Sensitivity analysis (SA) is an important procedure in engineering design to obtain valuable information about the model behavior to guide a design process. For design under uncertainty, probabilistic sensitivity analysis (PSA) methods have been developed to provide insight into the probabilistic behavior of a model. In this paper, the goals of PSA at different design stages are investigated. In the prior-design stage, PSA can be utilized to identify those probabilistically non-significant variables and reduce the dimension of a random design space.
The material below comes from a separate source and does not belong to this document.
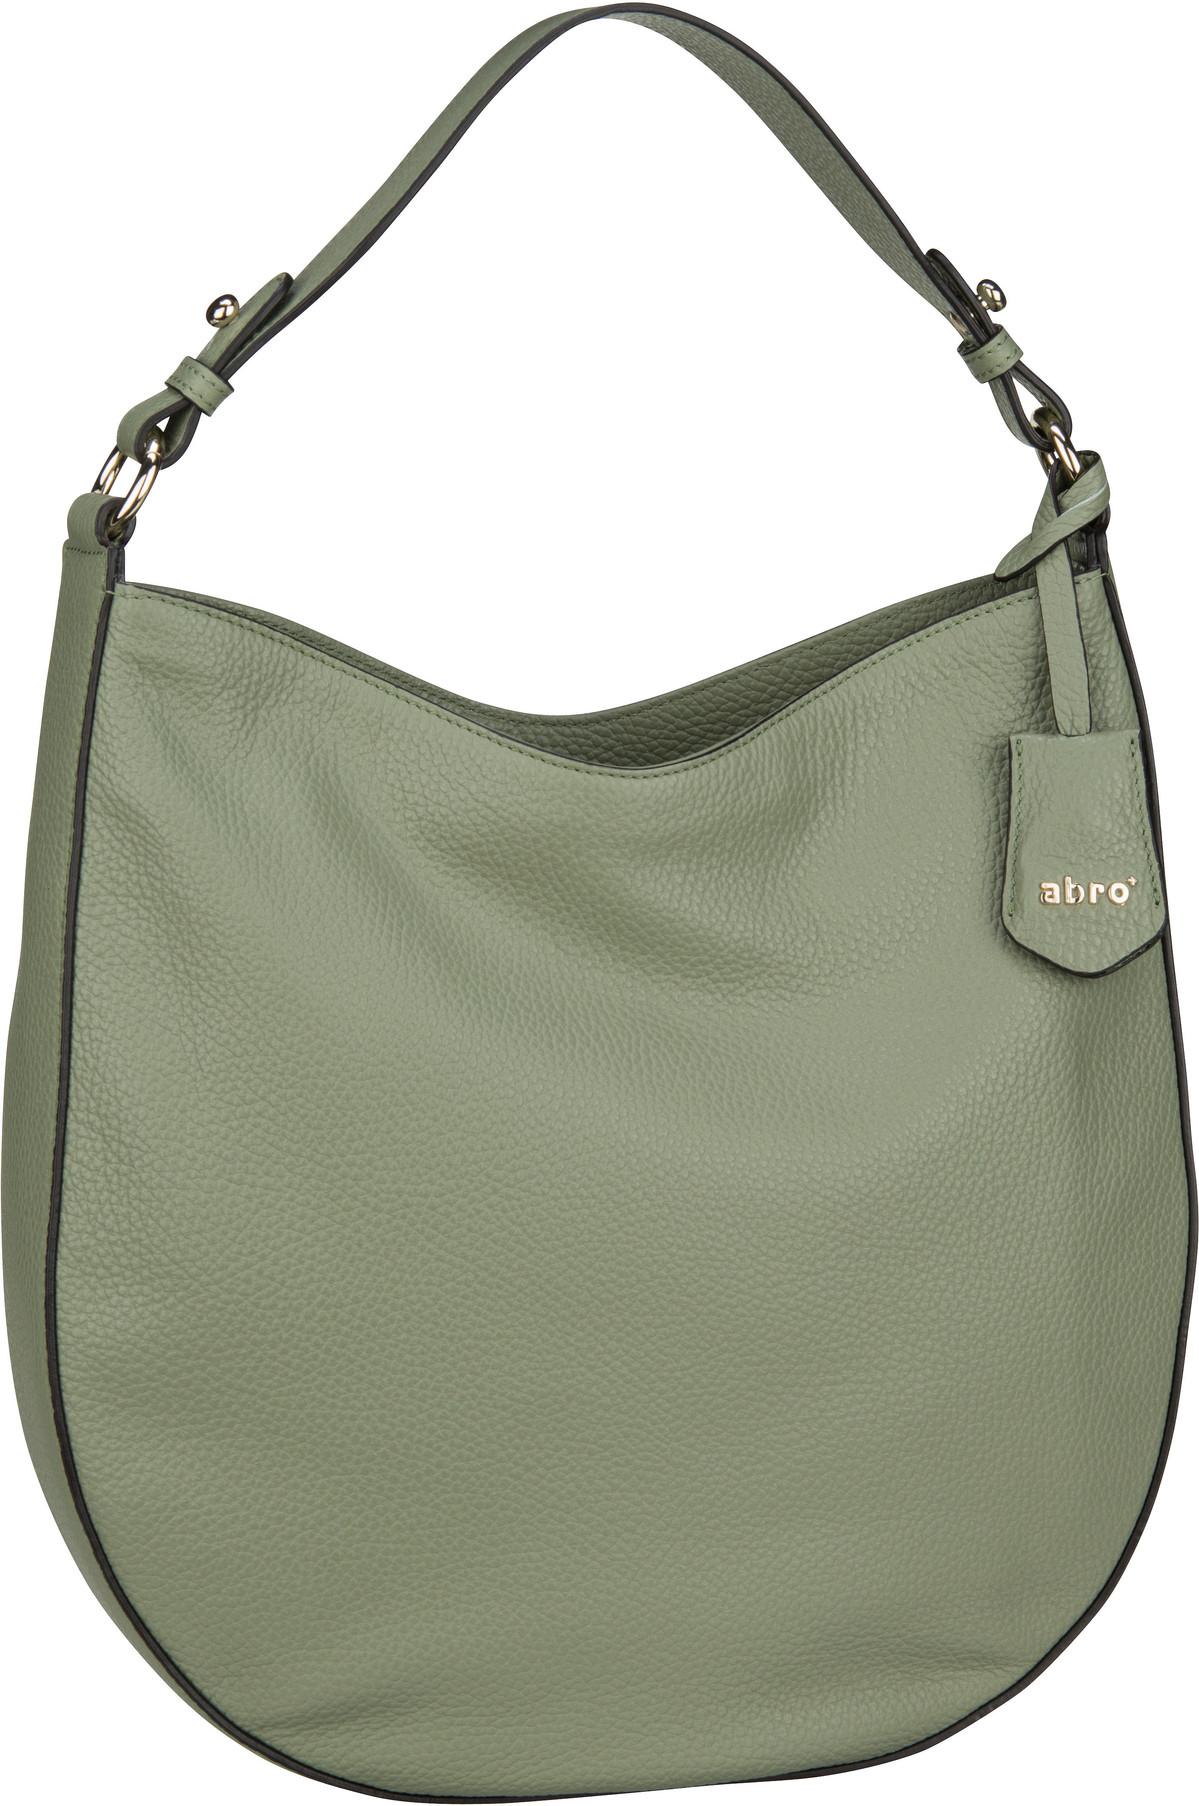 Handtasche Calf Adria 28486 Oliv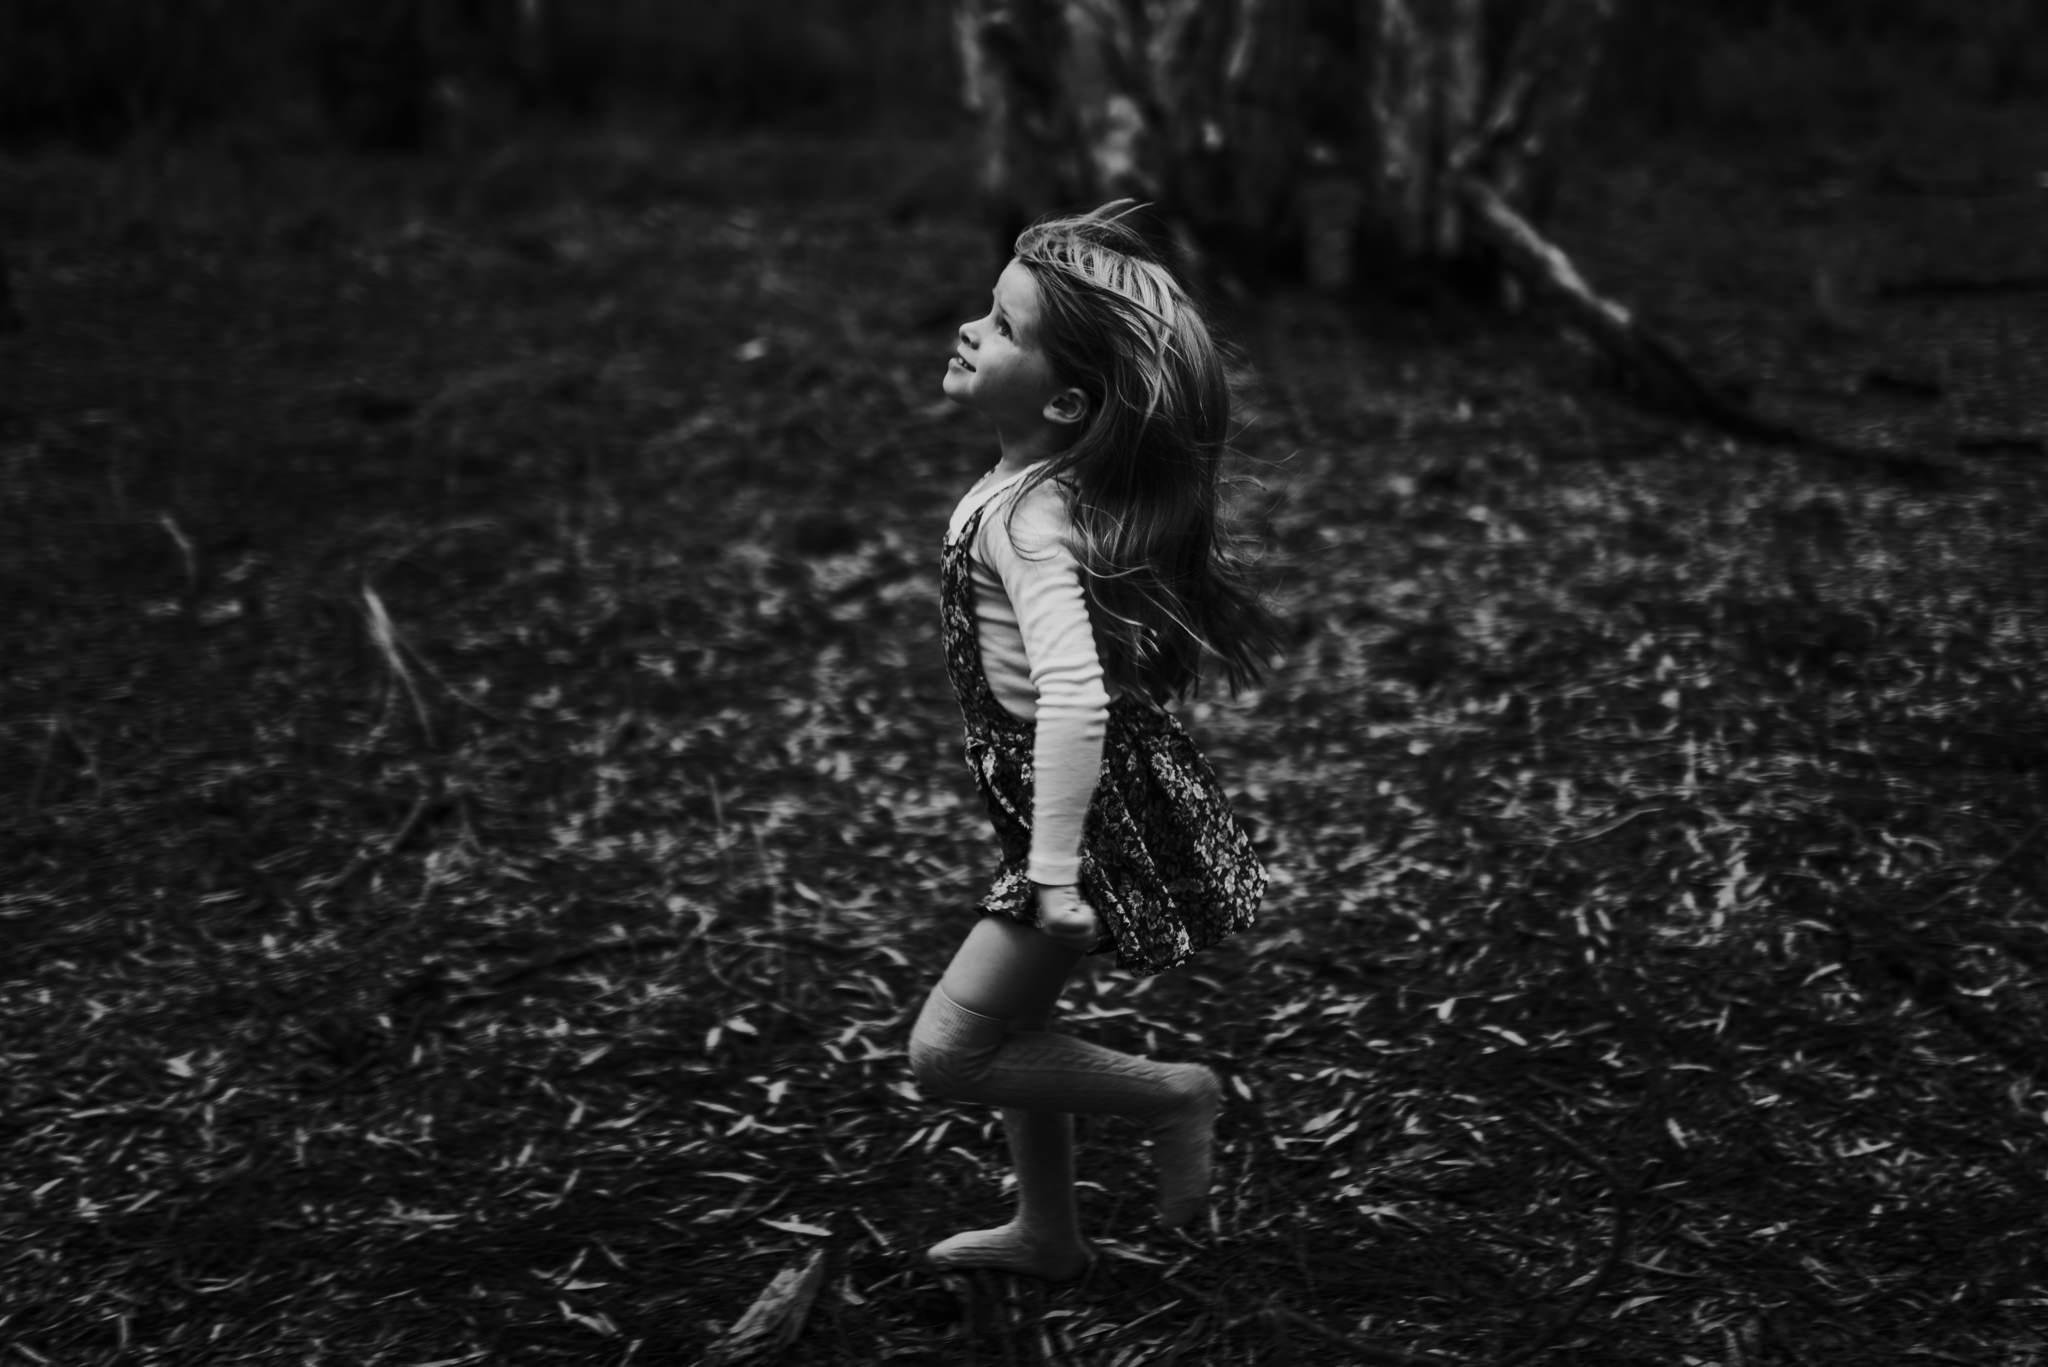 twyla jones photography - treasure coast florida - childrens adventure clothing commercial shoot--11.jpg

It can reduce the computational cost associated with uncertainty assessment without much sacrifice on the optimum solution. For post-design analysis, probabilistic sensitivity analysis can be used to identify where to spend design resources for the largest potential improvement of a performance. Based on the interested distribution range of a random response, the PSA methods can be categorized into two types: the global response probabilistic sensitivity analysis (GRPSA) and the regional response probabilistic sensitivity analysis (RRPSA). Four widely-used PSA methods: Sobol' indices, Wu's sensitivity coefficients, the MPP based sensitivity coefficients, and the Kullback-Leibler entropy based method are selected for comparison. The merits behind each method are reviewed in details. Their advantages, limitations, and applicability are investigated. Their effectiveness and applicability under different design scenarios are compared in two numerical examples and two engineering design problems.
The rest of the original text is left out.